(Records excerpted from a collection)

● ● ● ●

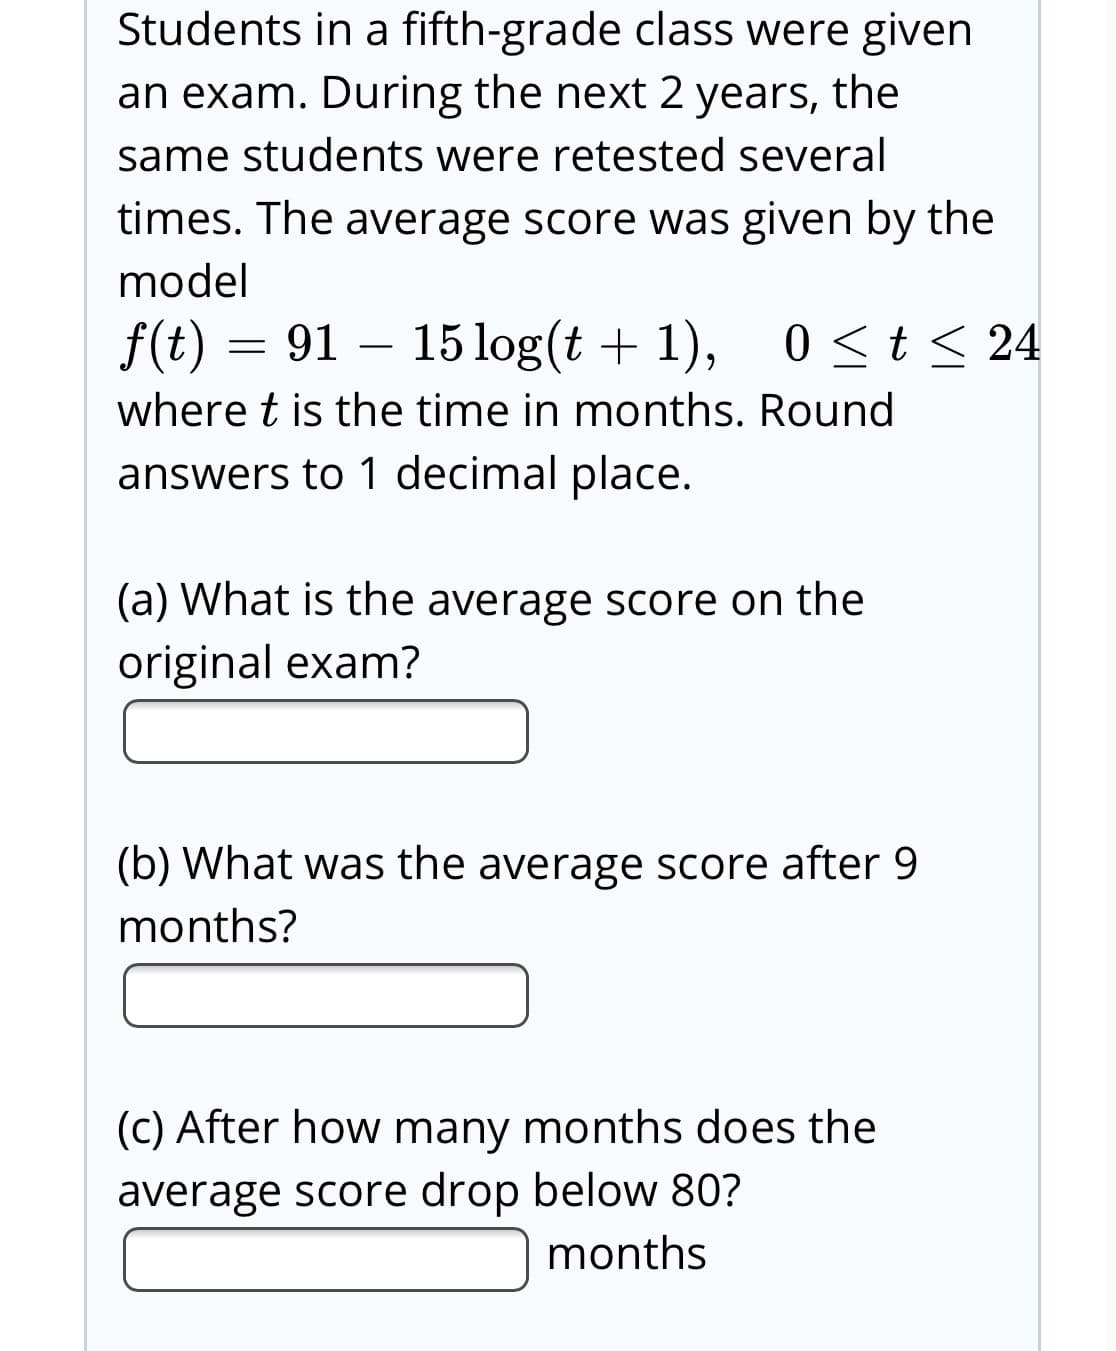 Students in a fifth-grade class were given
an exam. During the next 2 years, the
same students were retested several
times. The average score was given by the
model
f(t) = 91 – 15log(t + 1), 0 <t < 24
0くt< 24
where t is the time in months. Round
answers to 1 decimal place.
(a) What is the average score on the
original exam?
(b) What was the average score after 9
months?
(c) After how many months does the
average score drop below 80?
months
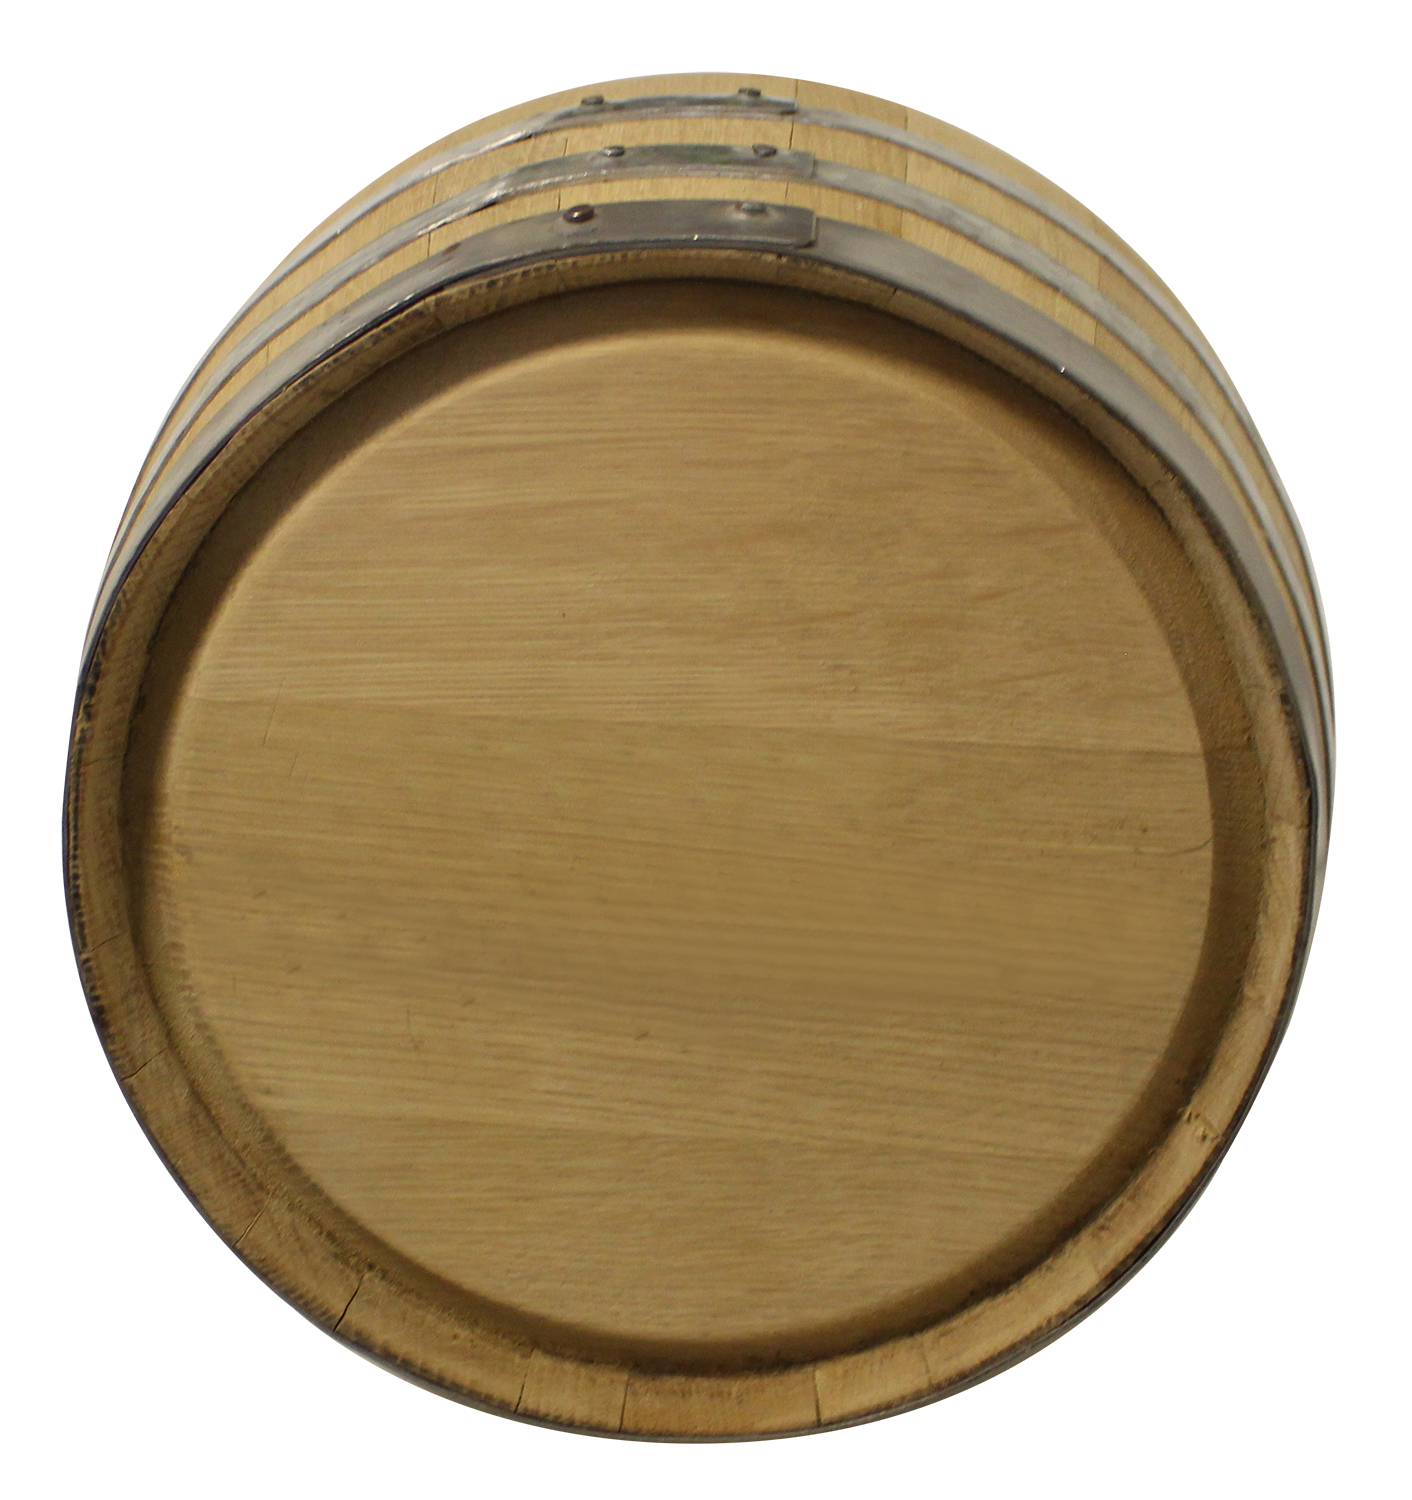 HBO Home Brew Ohio 5 Gallon New White Oak Barrel For Aging Whiskey, Bourbon, Wine, Cider, Beer Or As Decor
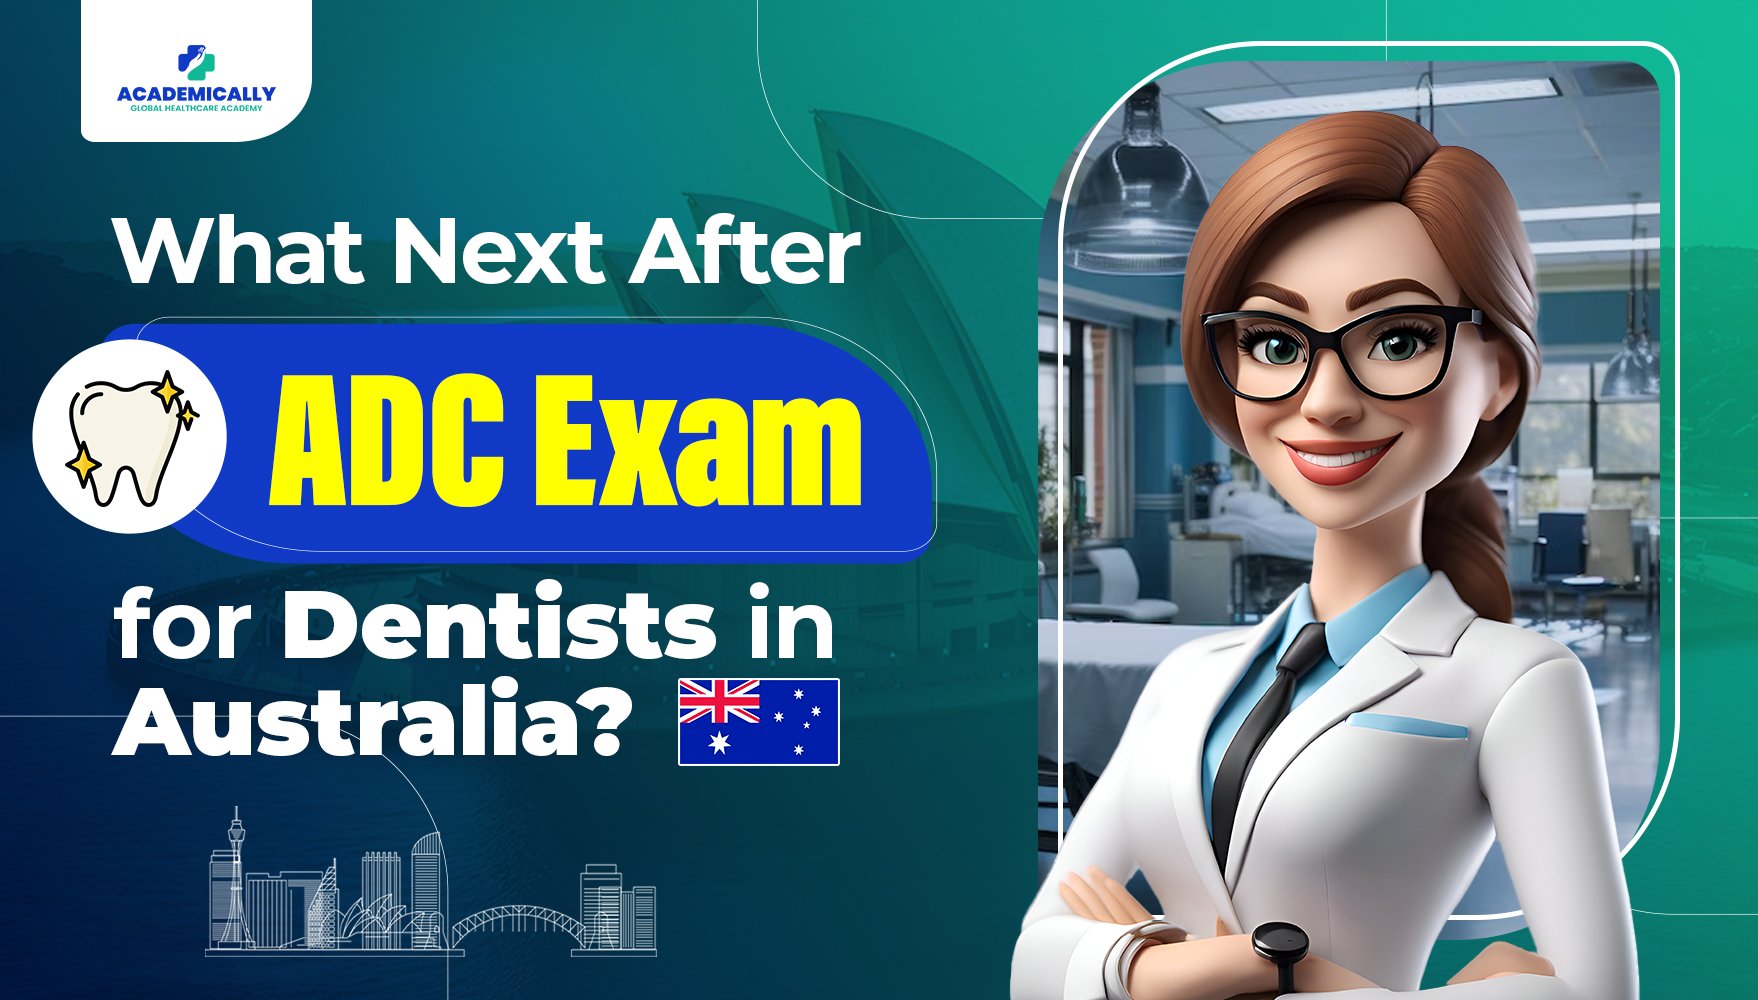 Dentist in Australia After ADC Exam

● ● ● ●

◆ Goal of the exercise ◆
Repeat the data exactly. No pictures should appear.

◆ Exercise solution ◆
 Students in a fifth-grade class were given
an exam. During the next 2 years, the
same students were retested several
times. The average score was given by the
model
f(t) = 91 – 15log(t + 1), 0 <t < 24
0くt< 24
where t is the time in months. Round
answers to 1 decimal place.
(a) What is the average score on the
original exam?
(b) What was the average score after 9
months?
(c) After how many months does the
average score drop below 80?
months
 HBO Home Brew Ohio 5 Gallon New White Oak Barrel For Aging Whiskey, Bourbon, Wine, Cider, Beer Or As Decor
 Dentist in Australia After ADC Exam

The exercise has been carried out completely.